Nach dem obligatorischen Gruppenfoto zum Start brechen wir auf, direkt Richtung Süden, genau auf den Pic du Midi zu – Richtung Tourmalet, unserem ersten Pass. Heute stehen mit ihm und dem Aspin zwei große Tour-de-France-Klassiker an, und erst morgen wenden wir uns den Geheimtipps zu.
Gleich 300 m hinter dem Hotel biegen wir schon auf die äußerst schmale D7 ein, die uns durch Felder und Wälder und an kleinen Gehöften vorbei fast vollkommen verkehrsfrei bis nach Bourréac, und von dort auf einer schönen Abfahrt hinunter nach Lézignan führt. Diese Abfahrt können wir uns merken, denn auf dem Rückweg müssen wir hier wieder hoch. Hier sind wir schon sehr nah an den Pyrenäen und die Gipfel scheinen zum Greifen nahe.

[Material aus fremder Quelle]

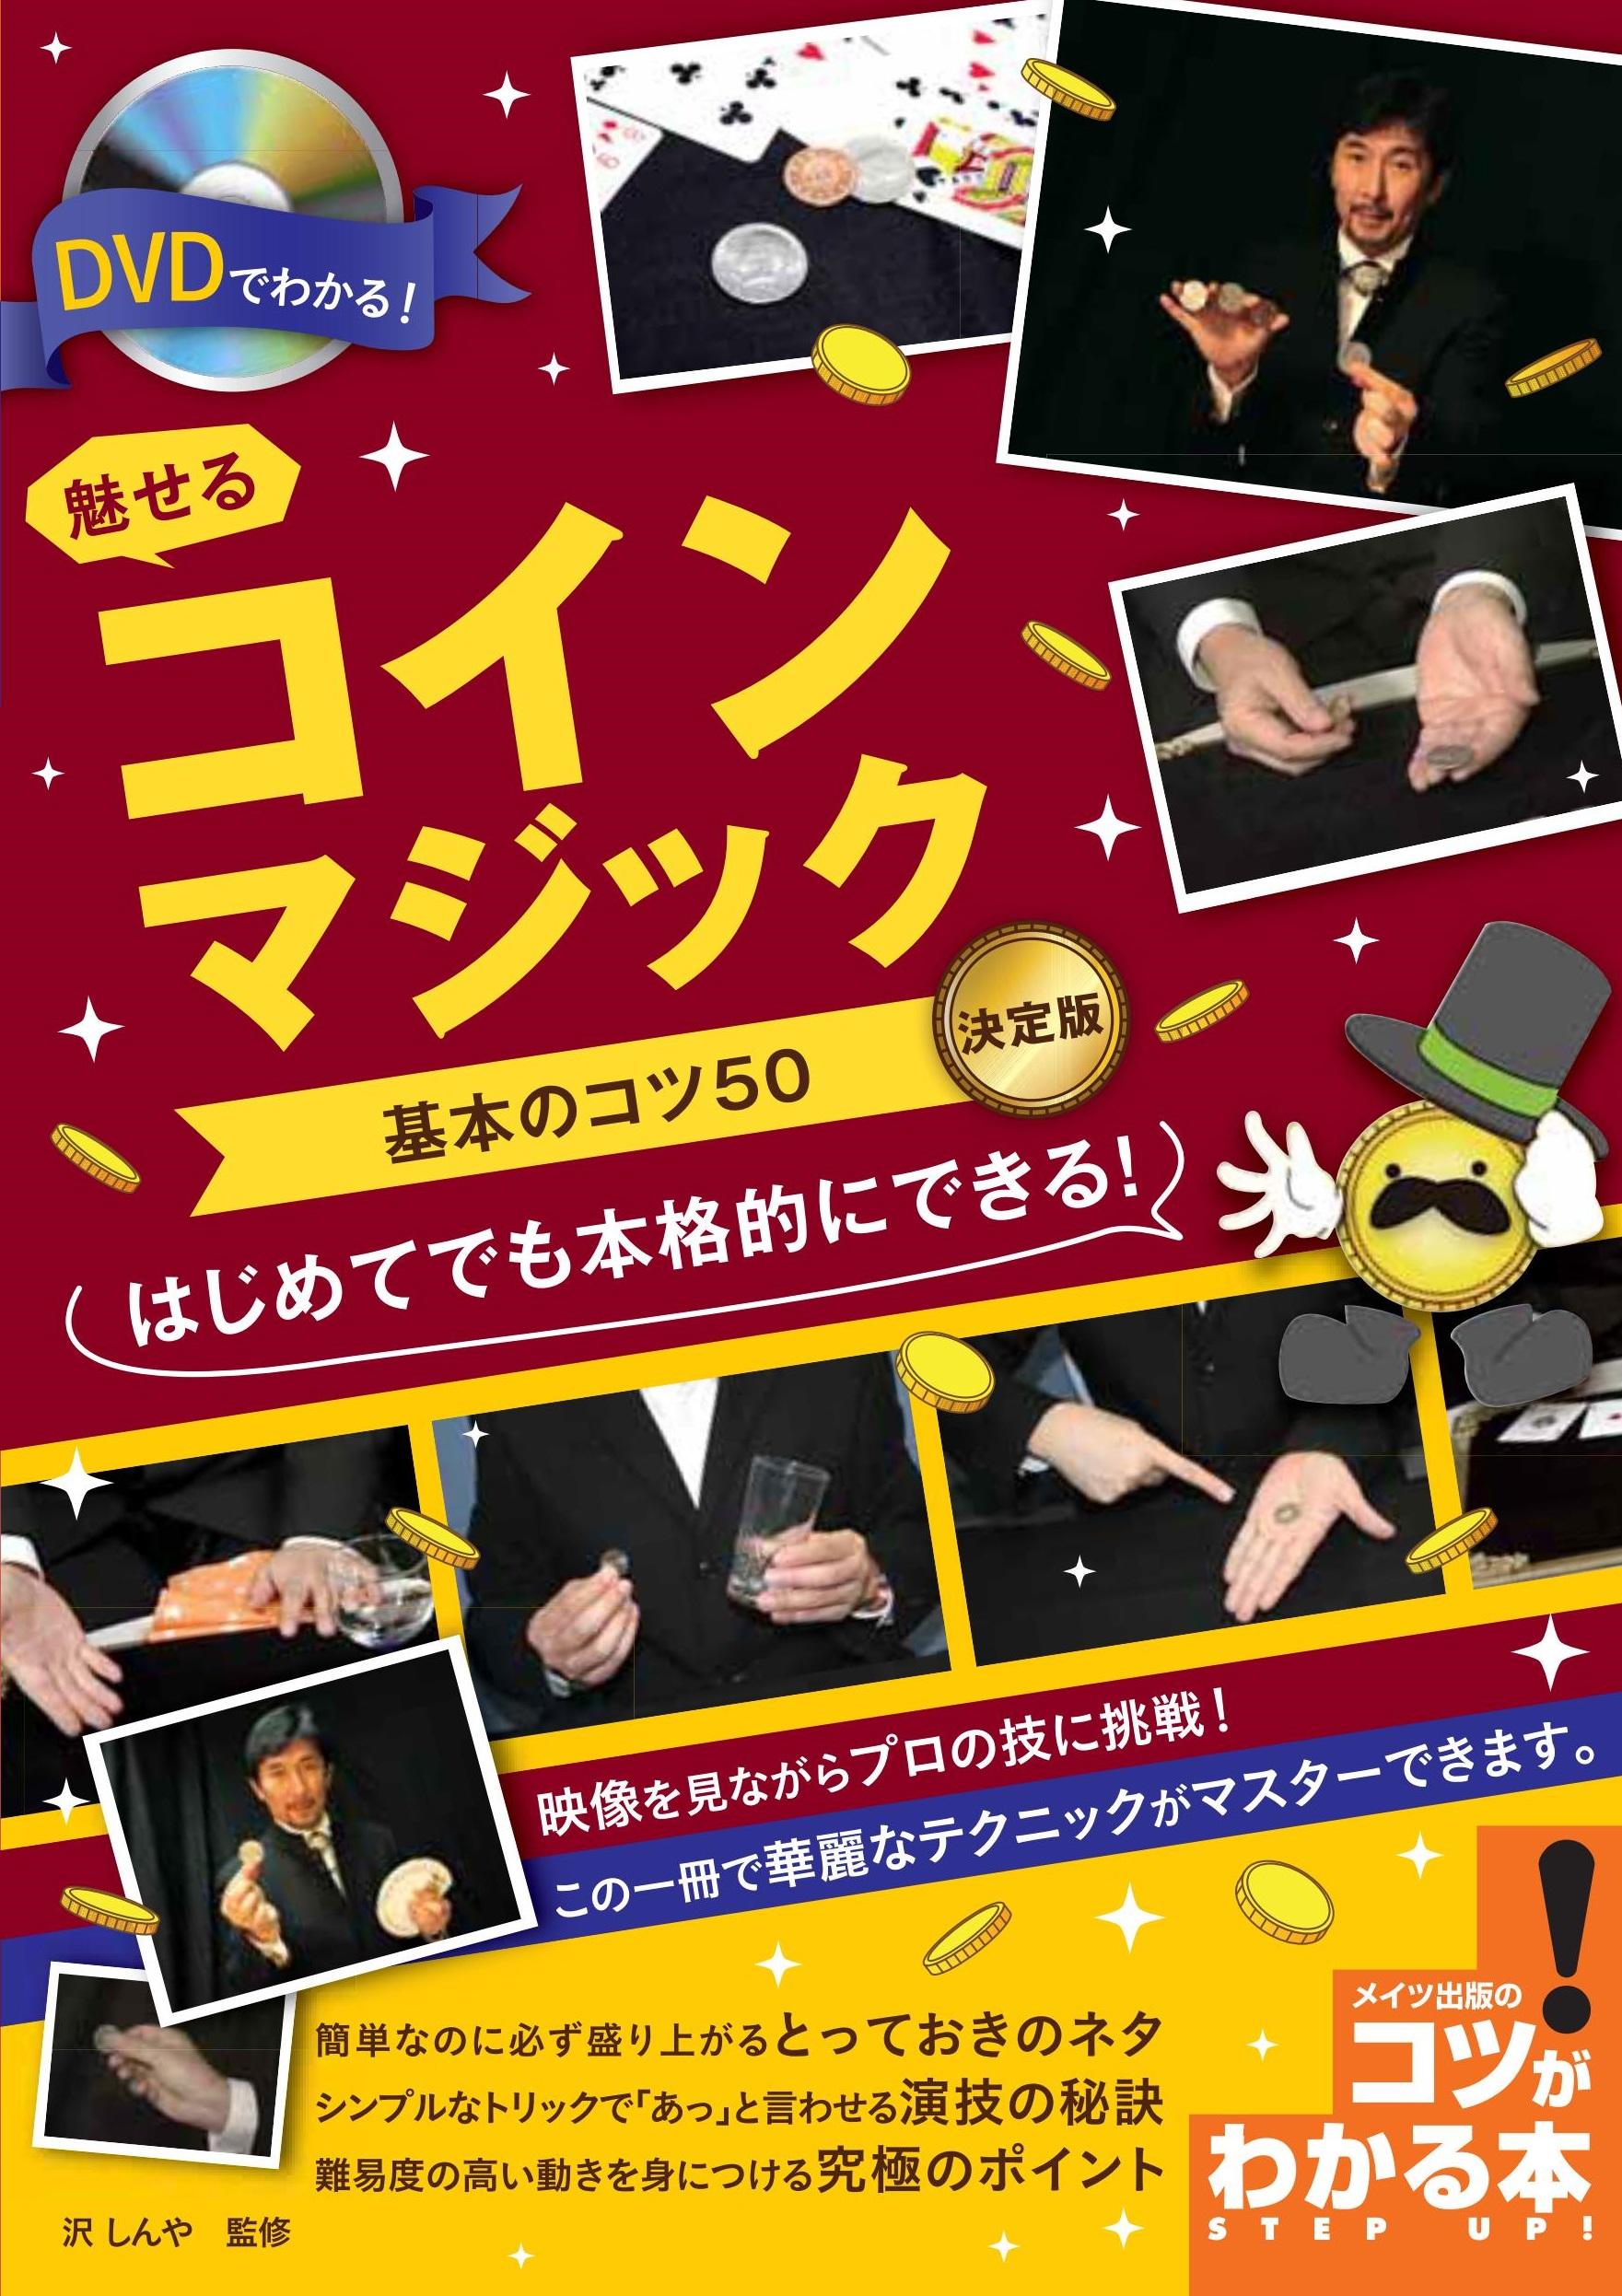 DVDでわかる! 魅せるコインマジック 基本のコツ50 決定版

Lourdes erreichen wir über eine etwas stärker befahrene Straße. Ich kenne sie von der letzten Etappe der Pyrenäen-Klassiker 2014, die noch in Lannemezan geendet hat. Unter der Hitze der damaligen, sehr harten, eigentlich zu harten Abschlussetappe haben wir heute nicht zu leiden. Es hat sich wieder zugezogen, und ich ziehe mir meine Ärmlinge an, weil es frisch ist, und weil ich schon krank genug bin. Seit Donnerstag bin ich erkältet, und ich werde in Luz-St-Sauveur in das Begleitfahrzeug steigen. Erstmals.

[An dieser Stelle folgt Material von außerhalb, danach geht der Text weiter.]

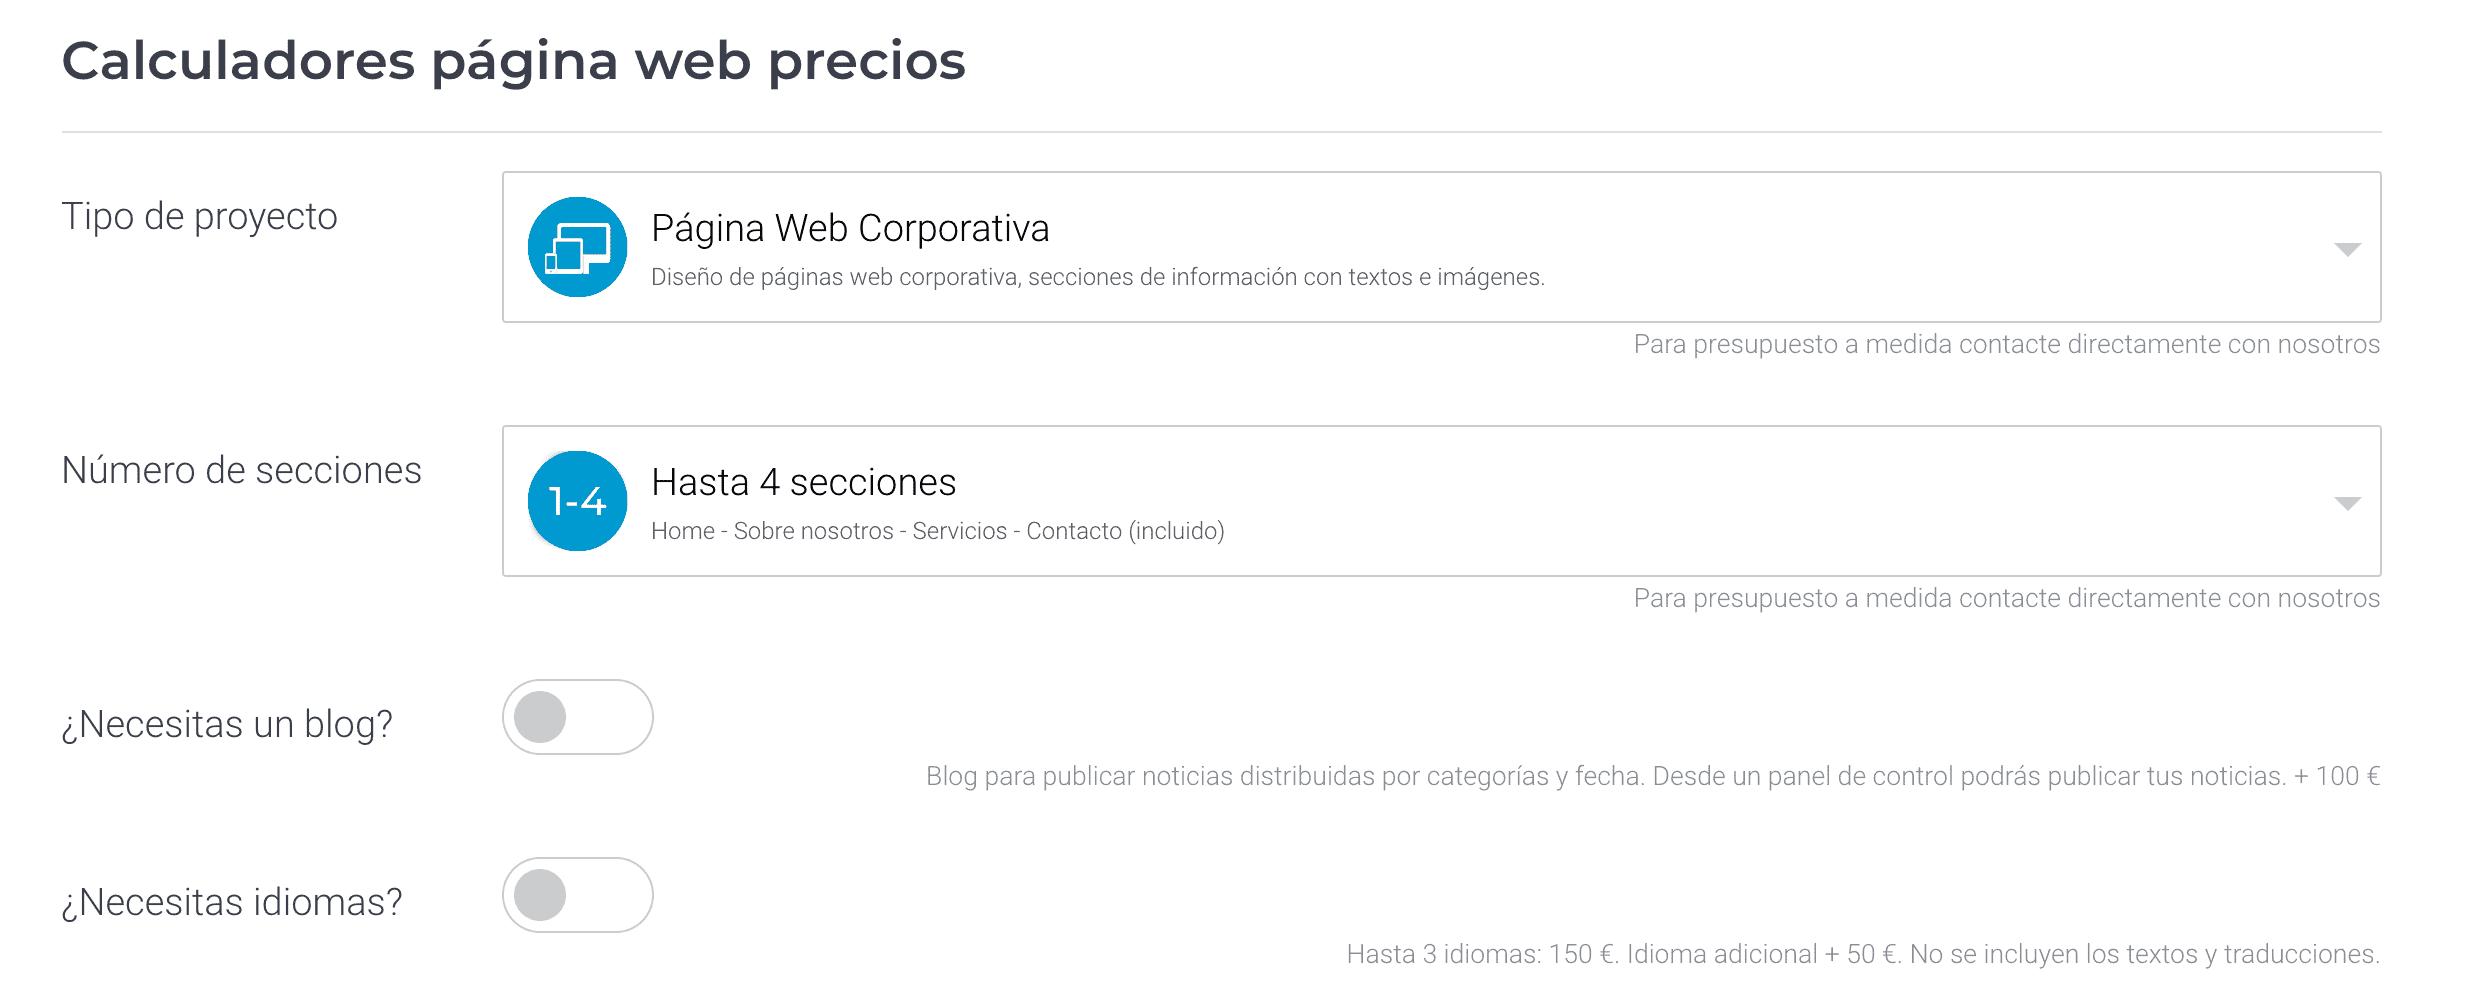 Calculadora precios página web

Ab Lourdes befahren wir für einige Kilometer den Voie Verte des Gaves, einen Radweg auf einer ehemaligen Radtrasse. Natürlich haben wir mit ein paar Pollern zu kämpfen, aber mir gefällt die Streckenführung entlang der Gave de Pau dennoch gut. For Boô wechseln wir für einige Kilometer auf die äußerst schmale D13. Kurz vor La Lanne ist es dann mit der Ruhe vorbei, denn die letzten Kilometer bis Luz-Saint-Sauveur müssen wir auf die D 913, auf der der Verkehr deutlich stärker ist und uns vom Genuss der schönen Schluchtstrecke abhält.
Ich erinnere mich an 2014, als ich in der rasant absolvierten Gegenrichtung noch dachte: "gut, dass wir hier runter fahren". Aber auch dieser Abschnitt ist letztlich problemlos absolviert. Und
jetzt befinden wir uns auch wirklich mitten in den Pyrenäen. Die plötzlich massiv auftretenden "Non à l'ours"-Schriftzüge an den Häusern und auf den Straßen beweisen es.

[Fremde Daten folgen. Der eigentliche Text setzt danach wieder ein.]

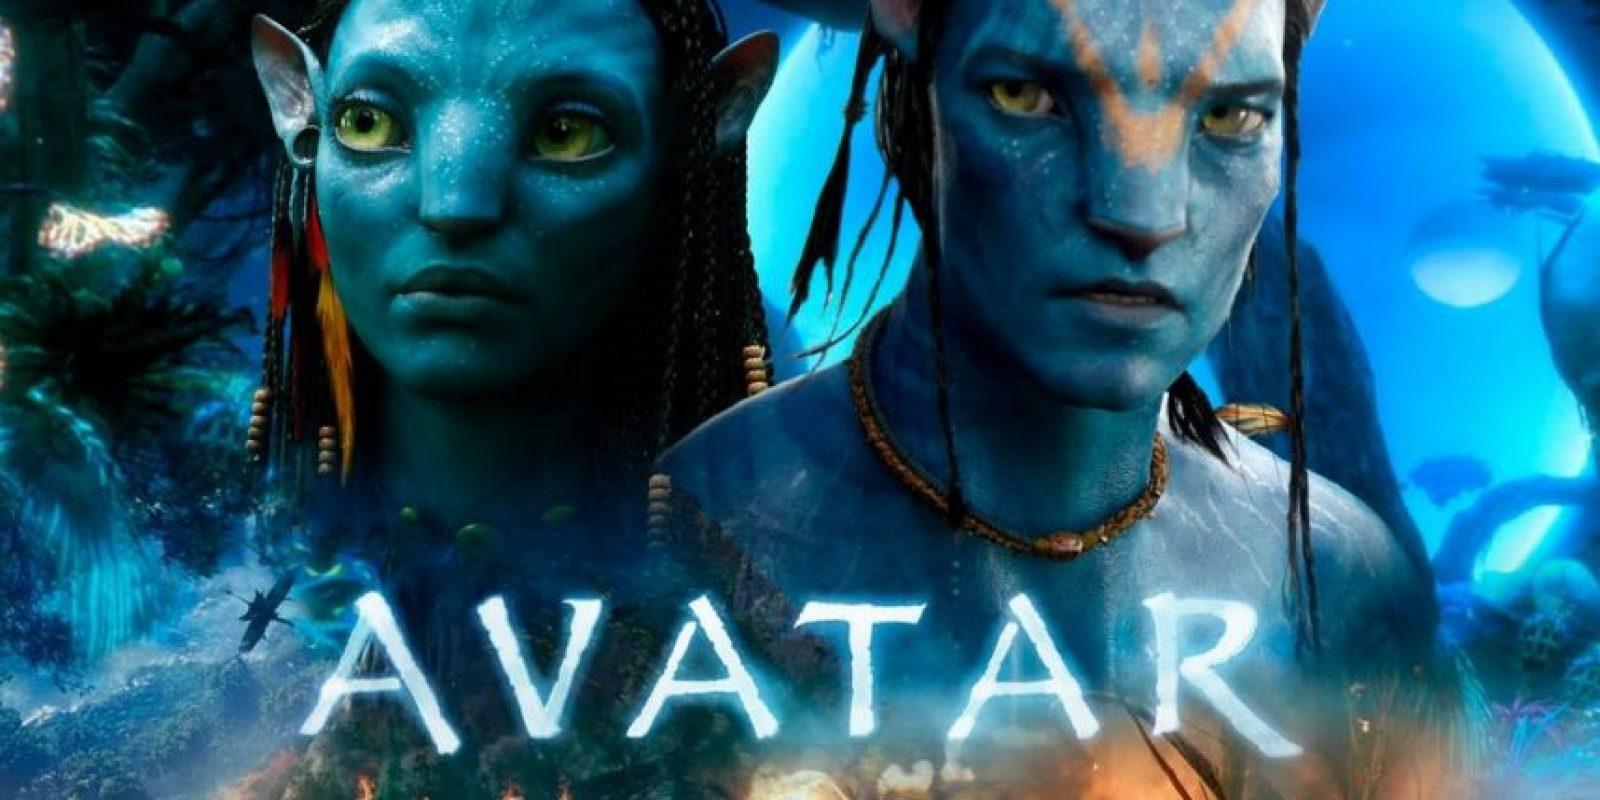 A continuación podrán ver algunas imágenes de la primera película de Avatar Foto:Avatarmovie.com

Tja, und hier endet mein aktiver Part für heute. Schon bis hier war ich schon gedopt unterwegs: Christoph hatte mich mit Pseudo-Ephidrin ausgestattet, und die 1400 Höhenmeter auf 18 km möchte ich mir in dem Zustand nicht antun. Schließlich muss ich noch ein paar Tage durchhalten. Kaum haben wir uns am Straßenrand postiert, um mich ausscheren zu lassen, kommt auch schon Thomas mit dem Begleitfahrzeug vorgefahren. Perfektes Timing!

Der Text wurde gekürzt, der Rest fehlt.